La Clef, c’est le hub musical et culturel des Yvelines. Sport, peinture, danse, musique, c’est une institution importante là-bas. Plusieurs groupes y ont émergé, dont nous. Mais on a aussi vu des gros groupes, comme Revolver, ou Femi Kuti…
Chanter en anglais ou en français, la question a-t-elle toujours du sens pour vous ?
On nous pose tout le temps la question, mais en interne on ne se la pose pas. Nos influences, comme les Strokes, chantent en anglais. C’était peut-être au début l’envie de se cacher, maintenant non, c’est devenu évident. Dernièrement, nous sommes allés à la listening party de Last Train, ils disaient notamment qu’ils appréhendaient l’anglais comme un instrument à part entière. On est en phase avec ça.
Le parcours de ce groupe vous inspire-t-il ?
Pour n’importe quel groupe de rock alternatif en France, oui, clairement. Parce qu’ils ont tout fait tout seuls et qu’ils sont, comme nous, des potes d’enfance. On ne cherche pas à faire comme eux, mais leur indépendance nous parle.
Vous avez joué au Dublin Castle de Londres. Le public anglais est-il toujours plus calme et attentif que les Parisiens ?
C’est une salle assez culte, parce que autant Coldplay que Amy Winehouse y ont fait leurs premiers concerts. Sur nos morceaux plus tranquilles, comme « Writing », c’est clair qu’ici on entend parler, il faut bien se focus sur son morceau, alors qu’au Dublin Castle, le public était très bienveillant. Le rock est peut-être leur pop à eux, donc ils respectent peut-être davantage, mais ici on nous écoute aussi très bien.
Vous avez remporté le prix du jury du tremplin de la RATP. En quoi était-ce important dans votre carrière naissante ?
Ils nous accompagnent beaucoup.
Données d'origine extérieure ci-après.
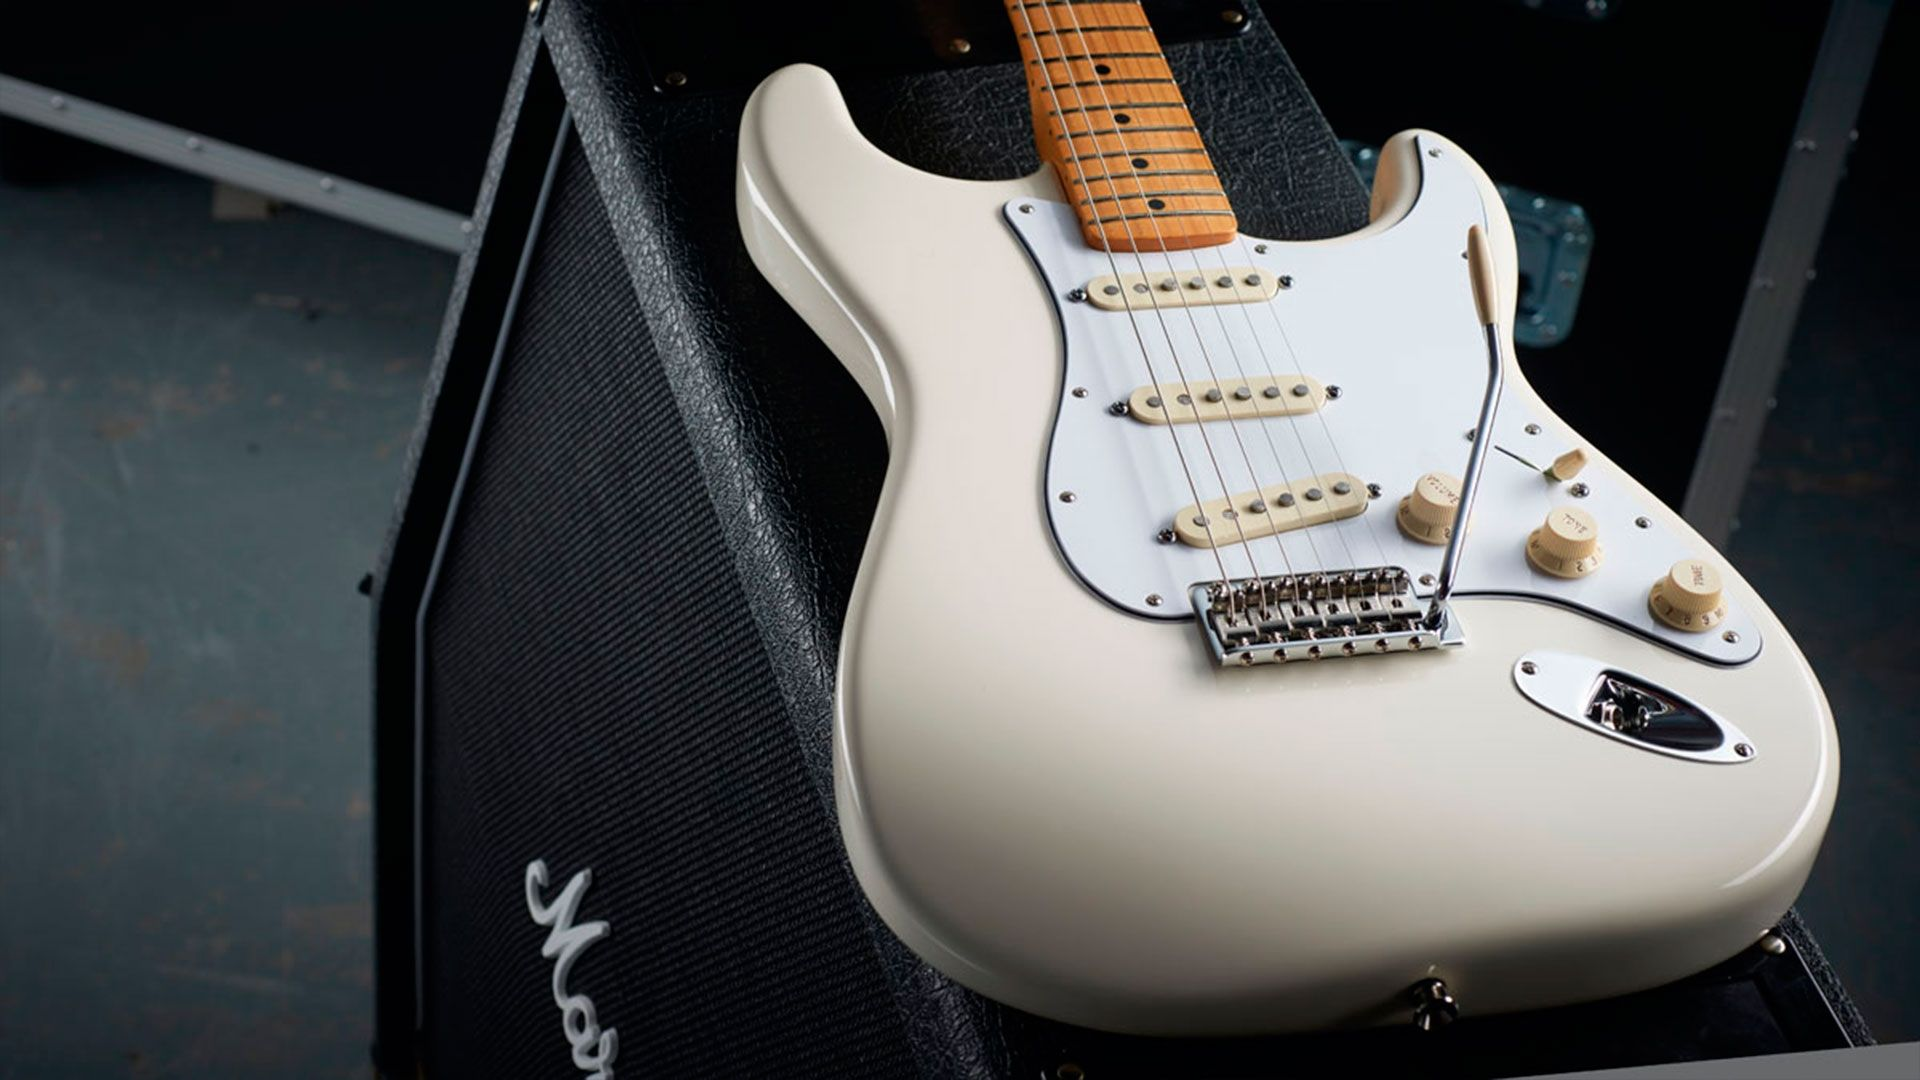 Fender Guitar, HD Wallpaper

Ils nous font jouer, aussi. On a fait les castings pour avoir l’accréditation pour jouer dans les couloirs du métro. De là, la RATP nous a proposé de jouer trois soirs de suite au festival Art Rock de cet été. C’était assez dingue, parce qu’on a pu jouer non loin de Franz Ferdinand, Philippe Katerine ou La Femme. On a ensuite été sélectionnés pour jouer au tremplin, qu’on a gagné. On vit des trucs fous grâce à eux. On conseille aux groupes parisiens de passer l’accréditation.
Comment Cloudy Heads se situe sur la scène parisienne ?
On a eu notre premier crash test de concert auto-produit, le 2 septembre dernier, à la Péniche Antipode. Finalement, on a réussi à vendre toutes nos places. On a un public qui commence à nous suivre.
Vous préparez un second album ?
On va faire un album, mais on s’interroge sur le meilleur moyen d’être actif. On est indépendants. Produire un album prend deux ans. On ne peut pas ne rien sortir pendant autant de temps. Le groupe Palace, qu’on écoute beaucoup, sort presque uniquement des singles, ce qui nous inspire. Mais on est très attachés au format de l’album. Donc on réfléchit pas mal sur notre stratégie, rien n’est encore arrêté.
Vos prochaines dates ?
À la Mécanique Ondulatoire, le 21 novembre, en première partie de Deleo. Et au Supersonic, le 6 décembre, avec Cardinal Black.